• **TASK INSTRUCTIONS**: Reproduce word for word, from the entries below, the line with "ASM Classics Episode", the line with "Dwalende bomen Sepia - Behang - Keuken", and every line between them, and nothing more.
:: PROVIDED MATERIAL ::
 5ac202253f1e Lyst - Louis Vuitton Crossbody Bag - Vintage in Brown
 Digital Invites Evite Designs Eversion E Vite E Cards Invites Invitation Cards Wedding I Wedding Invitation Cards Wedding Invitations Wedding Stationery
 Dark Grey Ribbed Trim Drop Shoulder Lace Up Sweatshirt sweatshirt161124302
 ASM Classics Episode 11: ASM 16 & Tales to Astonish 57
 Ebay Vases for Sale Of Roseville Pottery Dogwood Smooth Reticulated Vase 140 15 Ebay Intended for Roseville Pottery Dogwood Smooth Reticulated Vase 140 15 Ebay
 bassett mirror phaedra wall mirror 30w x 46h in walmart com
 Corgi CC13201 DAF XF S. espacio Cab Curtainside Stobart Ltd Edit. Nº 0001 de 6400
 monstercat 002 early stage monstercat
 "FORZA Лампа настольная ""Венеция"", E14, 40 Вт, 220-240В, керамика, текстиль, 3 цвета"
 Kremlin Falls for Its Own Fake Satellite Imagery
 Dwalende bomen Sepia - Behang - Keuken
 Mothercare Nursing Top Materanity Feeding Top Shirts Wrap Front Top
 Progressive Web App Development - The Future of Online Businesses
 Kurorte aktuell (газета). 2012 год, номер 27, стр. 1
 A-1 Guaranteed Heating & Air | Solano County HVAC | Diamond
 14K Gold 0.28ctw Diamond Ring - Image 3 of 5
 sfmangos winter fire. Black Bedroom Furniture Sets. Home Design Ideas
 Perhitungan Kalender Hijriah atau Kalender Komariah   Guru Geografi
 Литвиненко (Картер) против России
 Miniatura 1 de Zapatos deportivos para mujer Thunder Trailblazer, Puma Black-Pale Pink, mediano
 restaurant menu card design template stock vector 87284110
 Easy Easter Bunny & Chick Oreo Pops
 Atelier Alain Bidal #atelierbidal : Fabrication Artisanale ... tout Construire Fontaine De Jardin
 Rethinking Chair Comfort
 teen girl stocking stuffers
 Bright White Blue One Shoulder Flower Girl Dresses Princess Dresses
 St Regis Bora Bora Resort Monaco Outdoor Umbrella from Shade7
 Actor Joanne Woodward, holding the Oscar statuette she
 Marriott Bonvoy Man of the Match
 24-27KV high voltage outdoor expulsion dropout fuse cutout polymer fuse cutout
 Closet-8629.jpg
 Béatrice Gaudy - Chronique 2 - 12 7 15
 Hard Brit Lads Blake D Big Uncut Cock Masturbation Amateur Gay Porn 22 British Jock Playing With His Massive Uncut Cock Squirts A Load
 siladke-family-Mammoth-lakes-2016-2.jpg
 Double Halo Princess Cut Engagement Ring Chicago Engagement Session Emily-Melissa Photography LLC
:::
• **ANSWER TO THIS TASK**:
 ASM Classics Episode 11: ASM 16 & Tales to Astonish 57
 Ebay Vases for Sale Of Roseville Pottery Dogwood Smooth Reticulated Vase 140 15 Ebay Intended for Roseville Pottery Dogwood Smooth Reticulated Vase 140 15 Ebay
 bassett mirror phaedra wall mirror 30w x 46h in walmart com
 Corgi CC13201 DAF XF S. espacio Cab Curtainside Stobart Ltd Edit. Nº 0001 de 6400
 monstercat 002 early stage monstercat
 "FORZA Лампа настольная ""Венеция"", E14, 40 Вт, 220-240В, керамика, текстиль, 3 цвета"
 Kremlin Falls for Its Own Fake Satellite Imagery
 Dwalende bomen Sepia - Behang - Keuken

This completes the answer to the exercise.